The young ages of many who were interred in the cemetery is also hard not to notice. Many names in the walls are those of children and infants. There are also many who passed on in their prime, which the 1912 register touches on, saying: “many tombstones testify to the number of lives sacrificed by members of the Civil Service, who were called to rest at a very early age, whilst taking their share in the administration of this Settlement, of which we are all so proud“.

A tablet from the grave of Edward Presgrave, a civil servant who passed away at the age of 35.

A tablet from the grave of Edward Presgrave, a civil servant who passed away at the age of 35.

One in this category was an Edward Presgrave. A contemporary of John Crawfurd, Presgrave served as the Registrar of Imports and Exports and concurrently as the Deputy Resident of Singapore. He reportedly died from a sudden attack of paralysis in 1830. On the basis of the register, he shared a vault with the Rev. Robert Burn. The Reverend, who died in 1833, was the first Anglican Resident Chaplain in Singapore and his appointment in 1826 is significant from the perspective that it marks the founding of the Anglican Church in Singapore.

A tablet belonging to Rev. Robert Burn, Chaplain of the Settlement, who apparently shared the same vault as Edward Presgrave in the Anglican section at the top of the slope.

A tablet belonging to Rev. Robert Burn, Chaplain of the Settlement, who apparently shared the same vault as Edward Presgrave in the Anglican section at the top of the slope.

There are many more stories that are to be found in the walls. Estimates of the number buried in the cemetery vary greatly. The 1912 register has list of over 550 names, while a Straits Times report in September 1952 has it as more than 700. The vast majority of those buried would have been of those of European descent. There are however a substantial number of Chinese, early converts to Christianity, who were also buried there, evident from the embedded grave stones with Chinese inscriptions. From these we can also see that the tradition was maintained in the manner the graves were inscribed, even with the embrace of a non-traditional faith.

A tablet in Chinese.

A Chinese head stone.

An example of an early Chinese Christian grave in which the Chinese tradition is maintained found another old cemetery in Singapore.

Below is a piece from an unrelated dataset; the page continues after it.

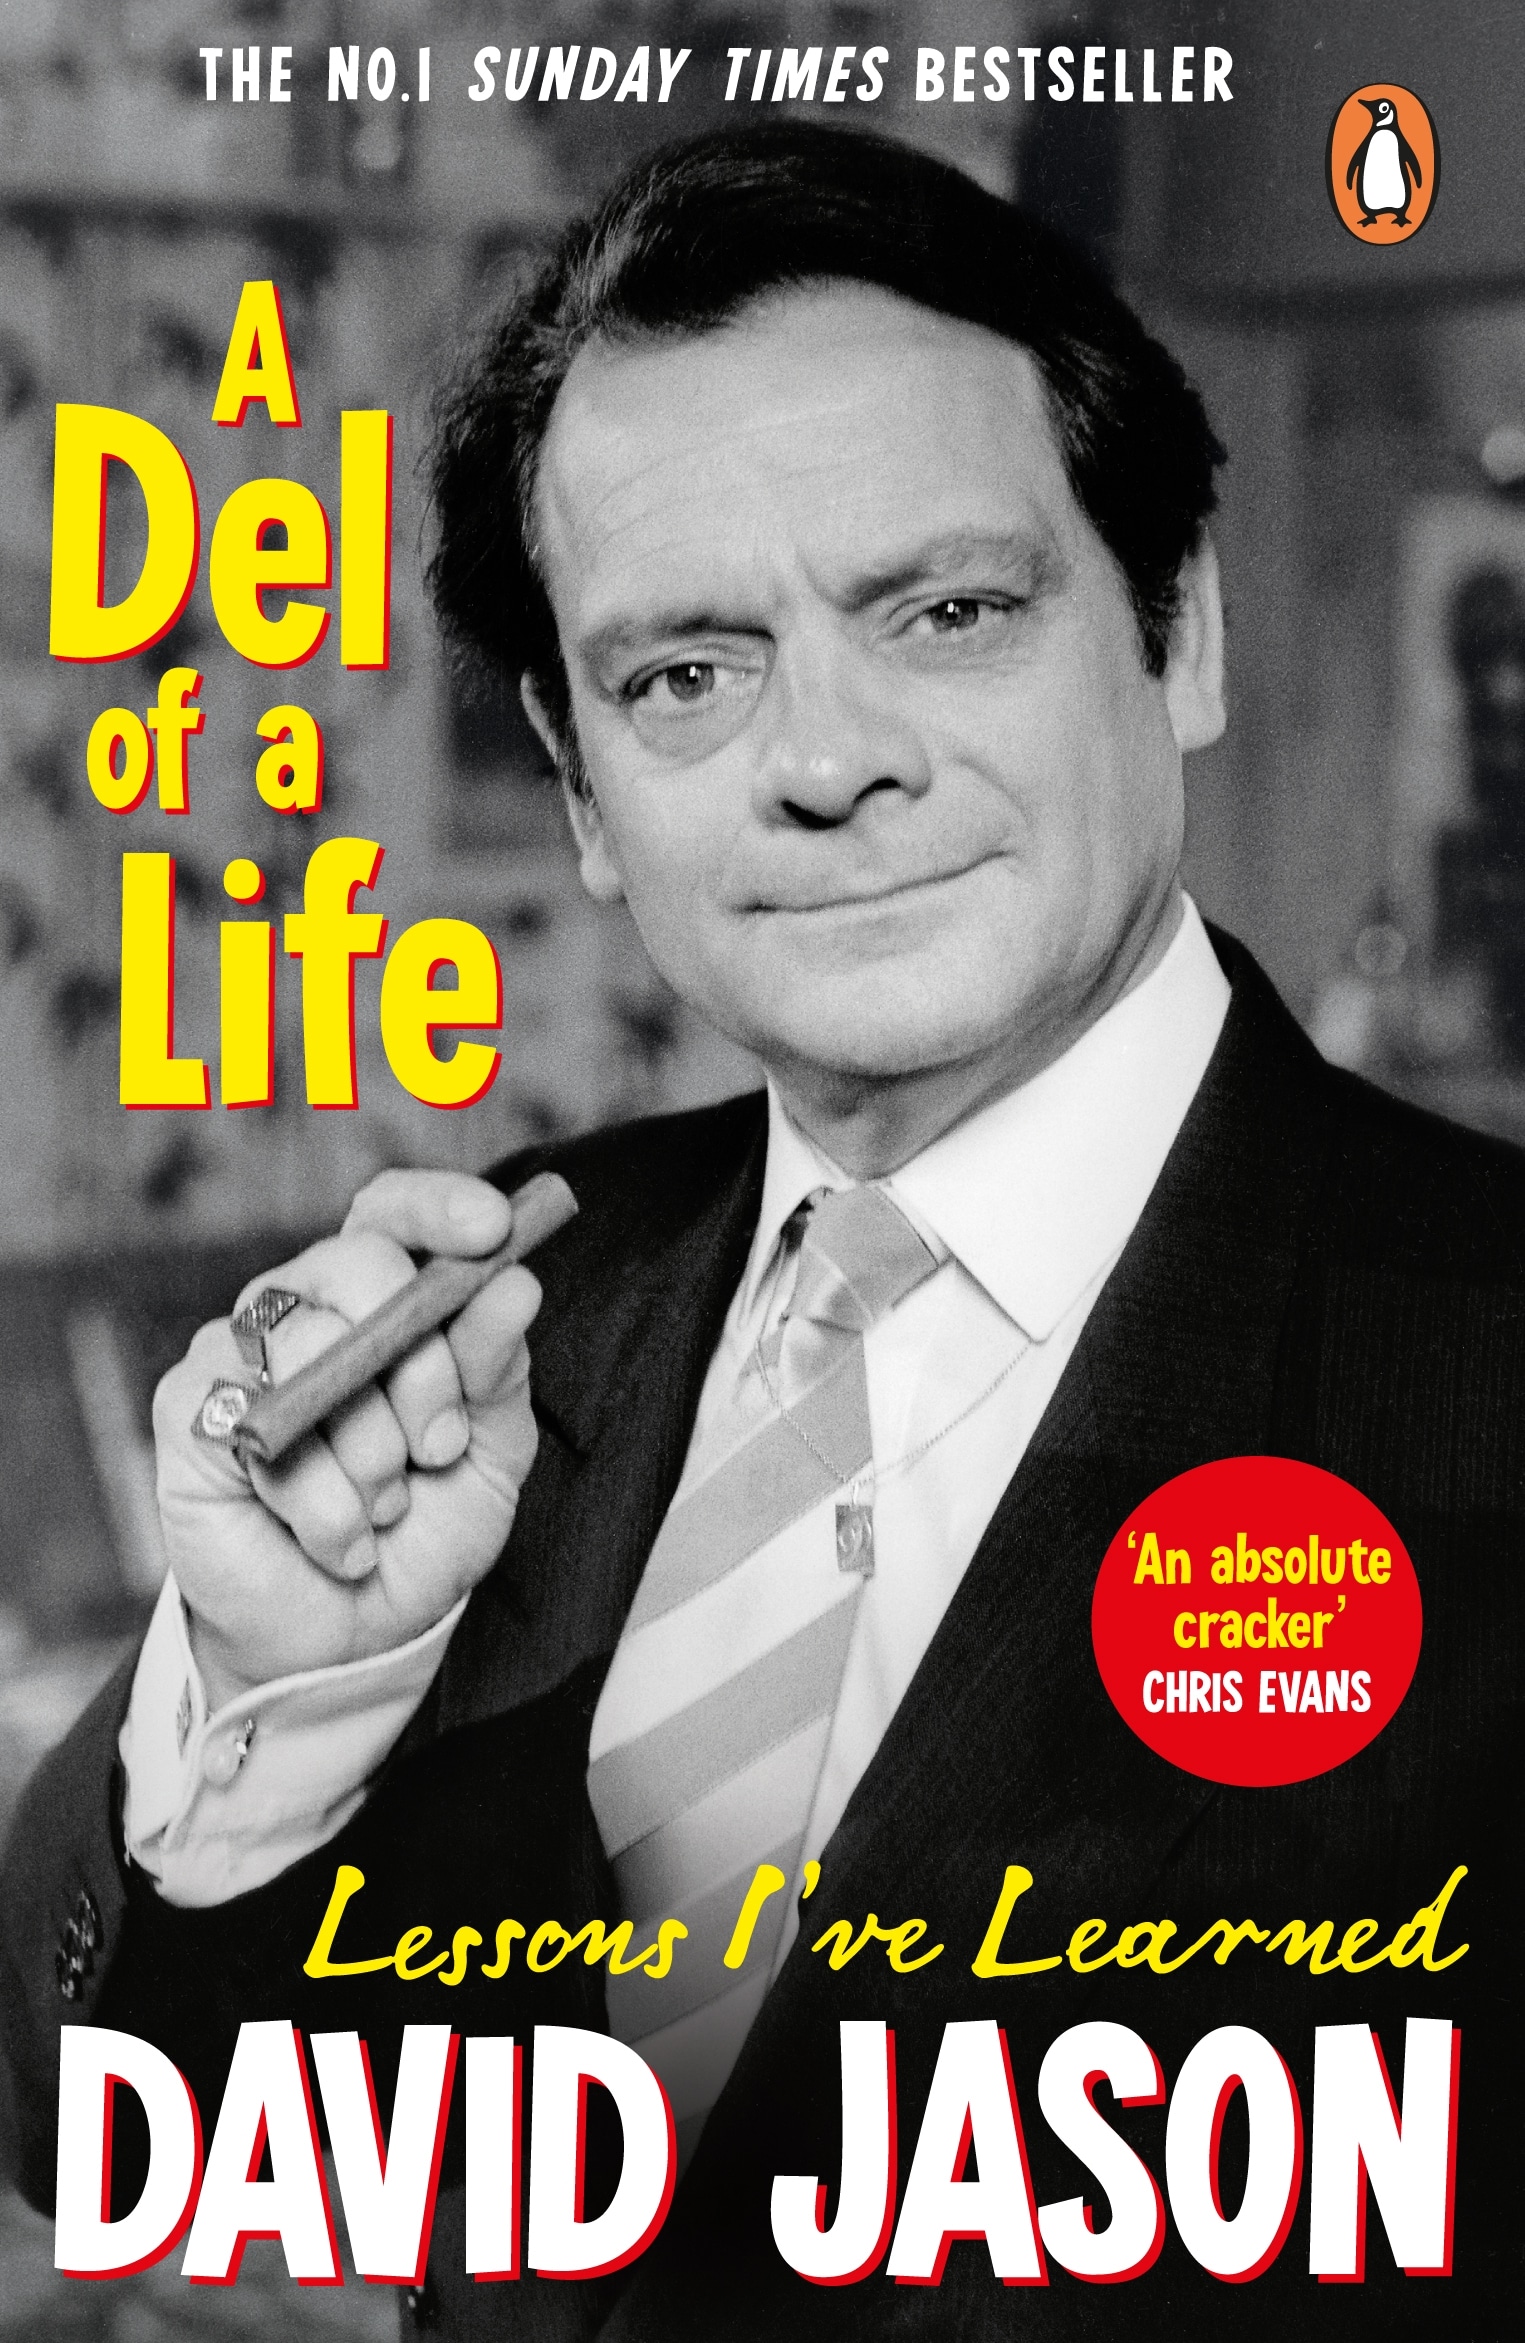 Book “A Del of a Life” by David Jason — September 16, 2021

An example of an early Chinese Christian grave in which the Chinese tradition is maintained found another old cemetery in Singapore.

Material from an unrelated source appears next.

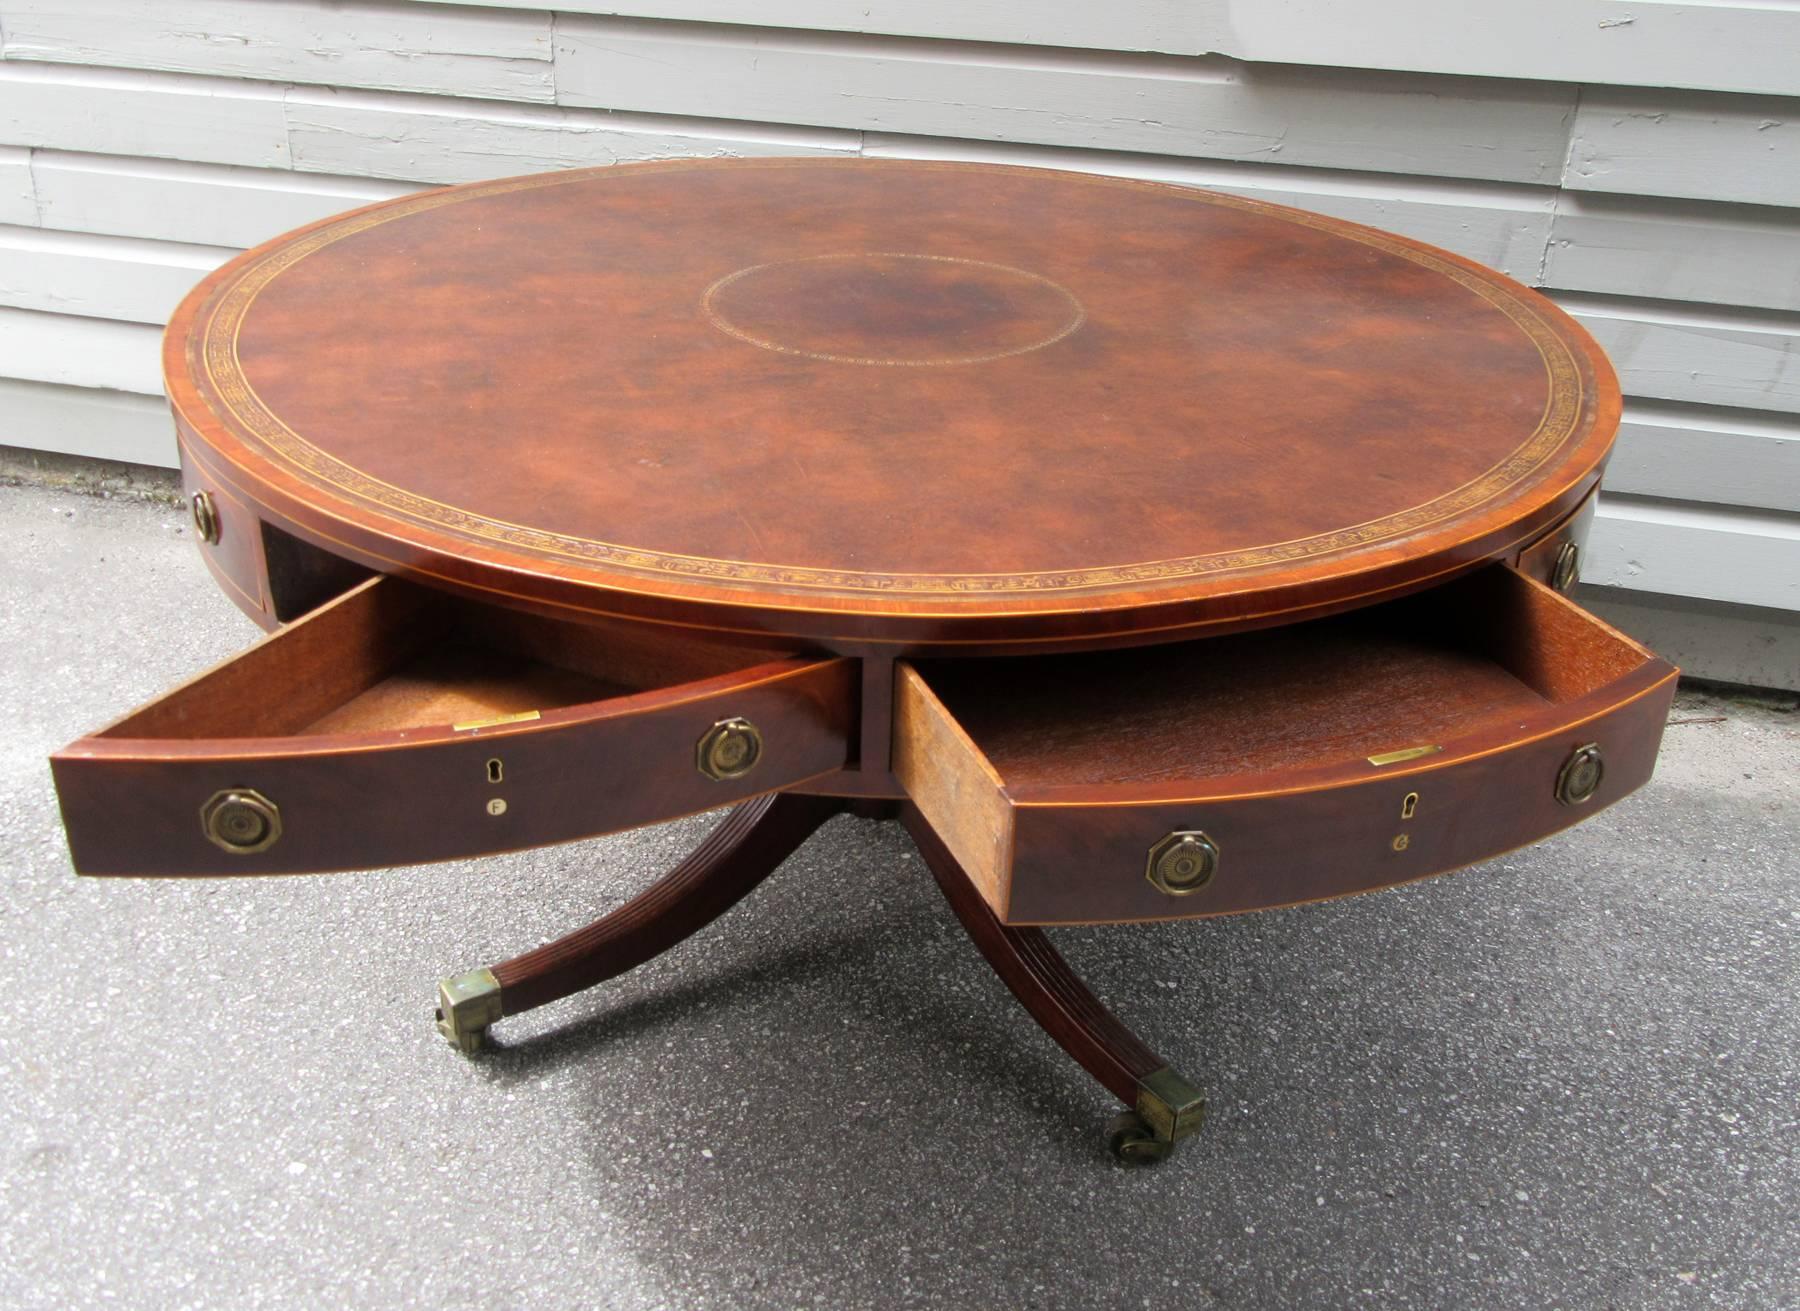 Early 19th Century English Regency Mahogany Rent Table with Embossed Leather Top 2

Mixed into the reminders of the old (Christian Cemetery), there are also the reminders of the new (Christian Cemetery). The “New Cemetery” or the Bukit Timah Christian Cemetery, replaced the Fort Canning cemetery as a Christian burial site and it was from the new cemetery that the cluster of gravestones seen in the northeast corner of the grounds had been moved from. The move was made when the graves in the new cemetery, located at what is today Kampong Java Park, were exhumed in 1970. The twelve graves stones that were moved were ones deemed to be of historical value by the then sub-committee on the Preservation of Buildings and Sites of Architectural and Historical Interest.

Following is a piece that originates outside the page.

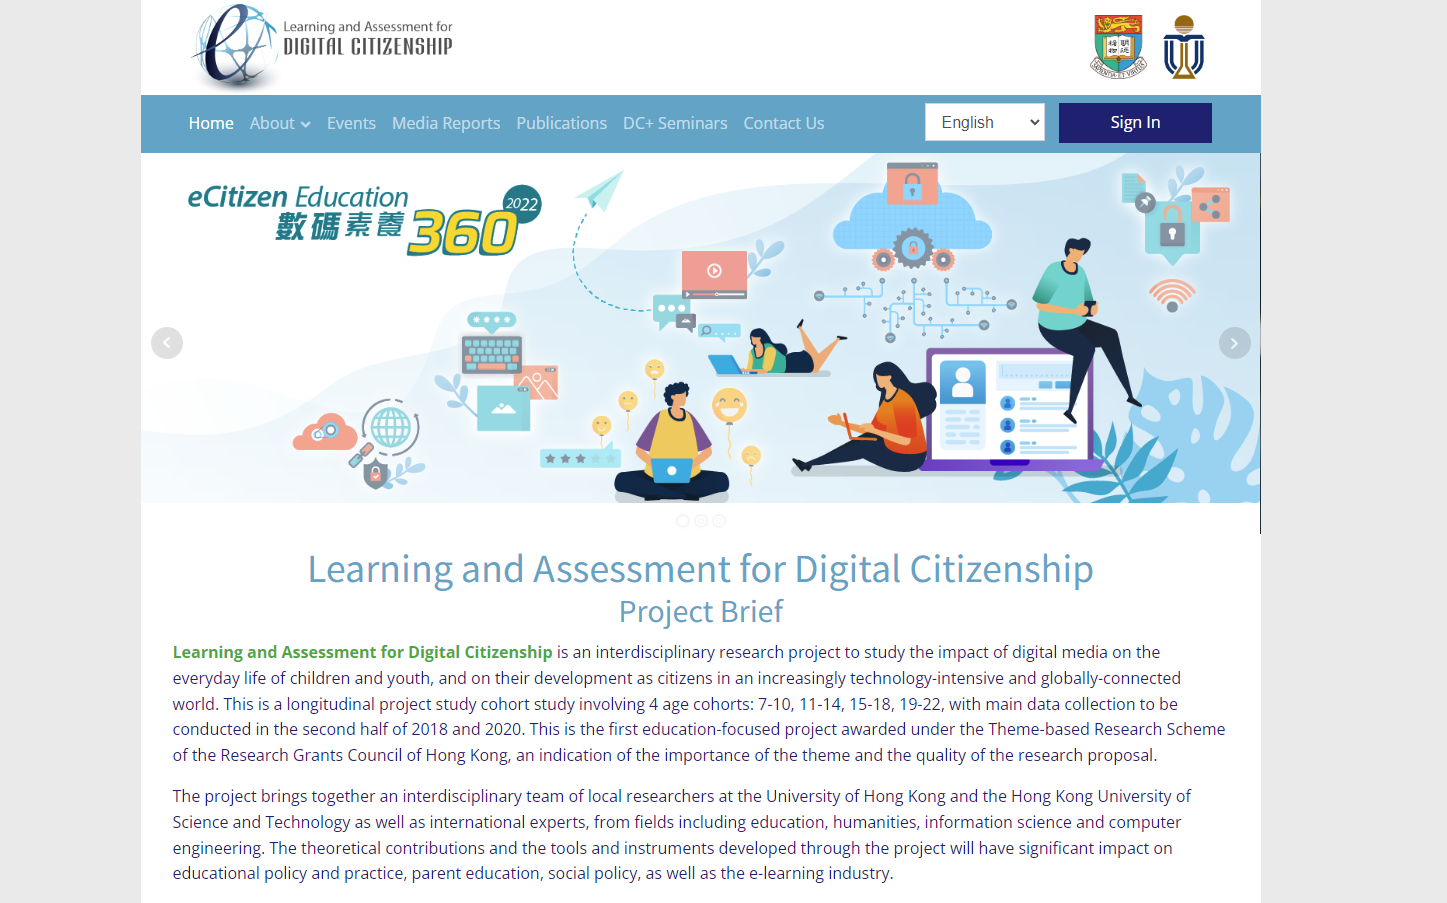 Learning and Assessment for Digital Citizenship

Gravestones moved from the 'New Cemetery' at the northeastern corner of Fort Canning Green.

Gravestones moved from the ‘New Cemetery’ at the northeastern corner of Fort Canning Green.

The exhumation of the remaining graves, undertaken in the mid 1970s, was part of an exercise to turn turn the hill into a huge park and green lung in the city. Named Central Park, it extended the reach of a previous public park, King George V Park on the west side of the hill, across to the east of the hill and incorporated parts of which had previously been used by the military, as well as the former cemetery site. Plans then included a roller skating rink, which was built, and also a cascading founding. The latter would have occupied the grounds of the cemetery and was fortunately not built, leaving us with a space in which the ghosts of the past are not forgotten.

King George V Park.

King George V Park.

A southward view through the James Brooke Napier memorial.

A southward view through the James Brooke Napier memorial.